3b) Currently Jenkins does not have an easy way to do "Matrix-style" pipeline builds -- such that we could provide generic Jenkinsfile recipes in the components, and set up a Jenkins instance with its choice of multi-platform workers and fan out test jobs to such workers so they must all succeed as part of PR requirements. This problem might be tackled by the Jenkins project, and in the meanwhile we are free to invent our model of the wheel :) At least, there are quite a few possible ideas to solve this problem from different angles (keeping the per-component Jenkinsfile's generic and not intimate to a particular Jenkins setup).

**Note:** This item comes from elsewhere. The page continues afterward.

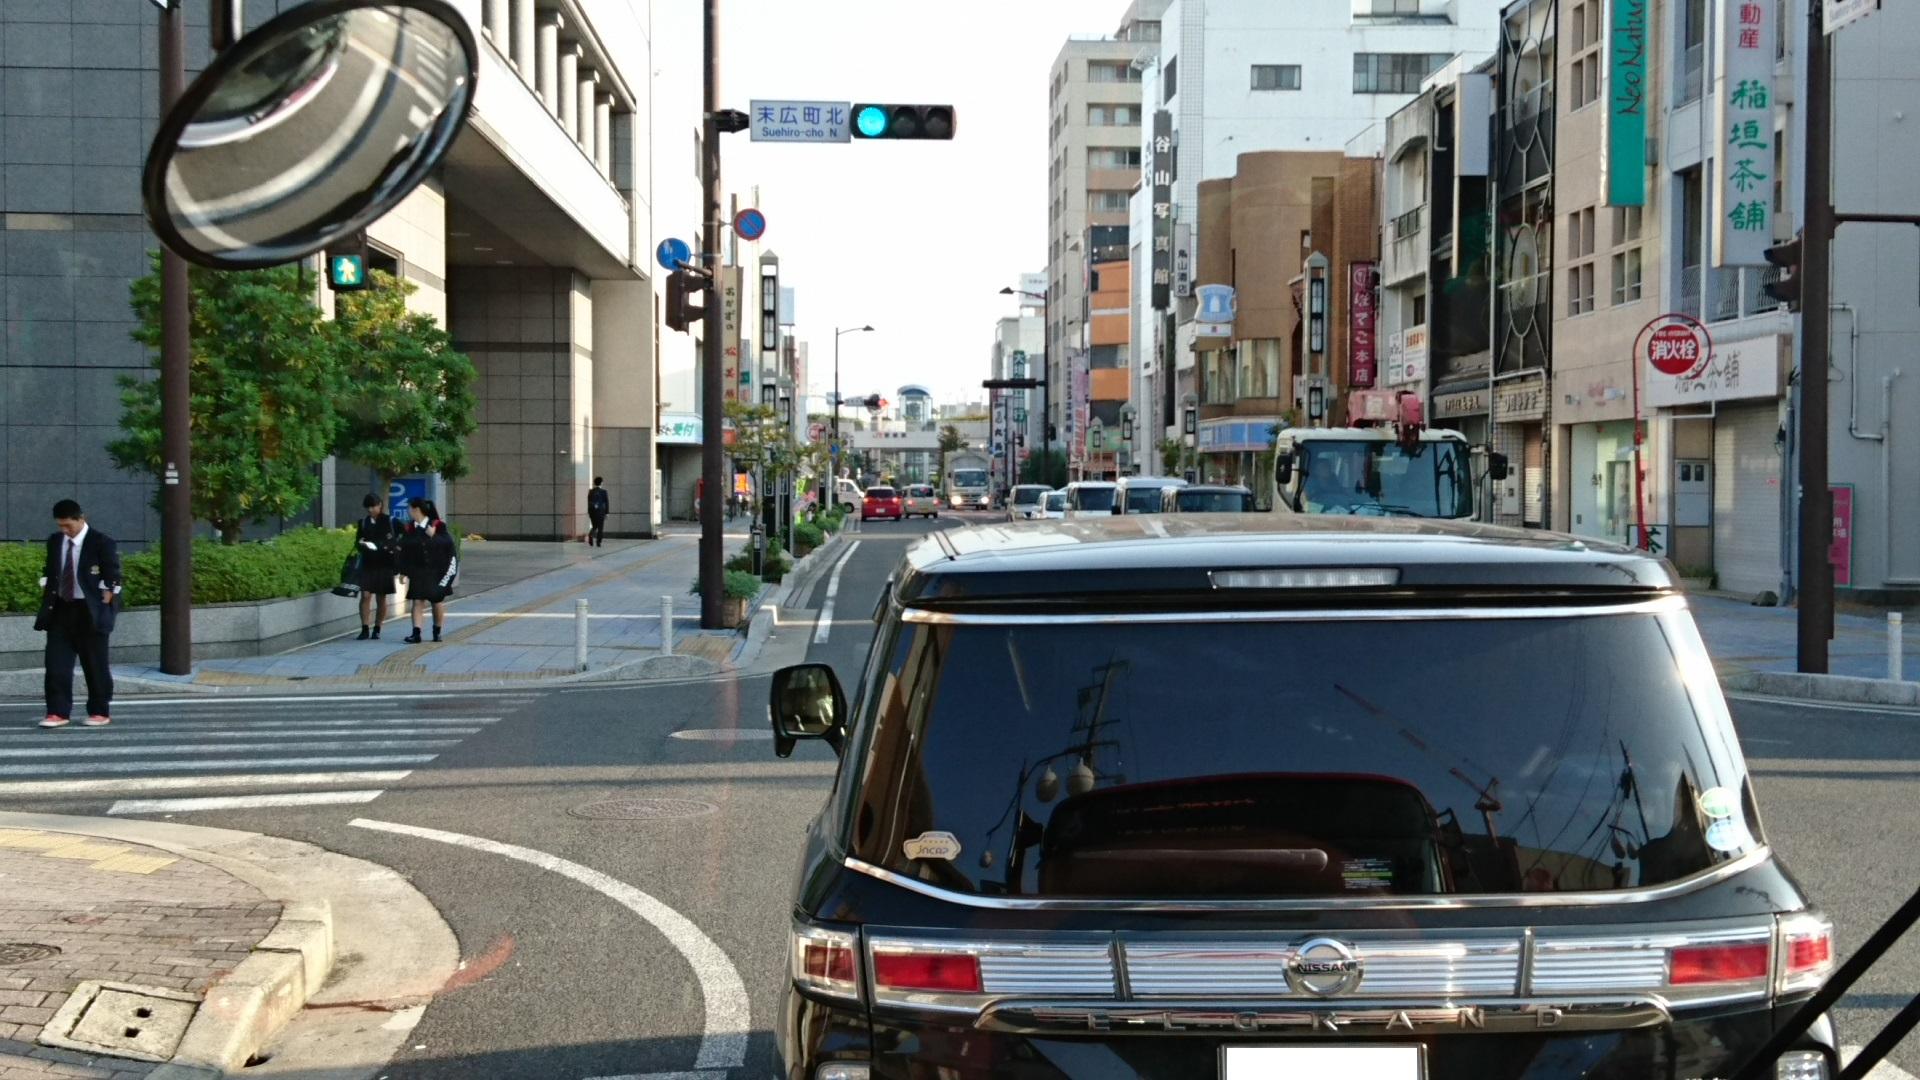 2016.10.20 (7) 名鉄バス - 碧海信用金庫本店 1920-1080

3c) One issue to tackle for multi-platform tests (and maybe a vector for solution) is the use of agent with labels -- which are static in current Jenkinsfiles and can not be set via e.g. build arguments (per Jenkins core nuances), but which can be set via groovy variables in scripted pipeline.

Maybe we can use the agent label in each common Jenkinsfile as a variable (pre-set defaulting for the string from project.xml, if not set already), and the "matrix-like" job would set such variable and load() the Jenkinsfile of the component to instantiate build runs against different agent labels.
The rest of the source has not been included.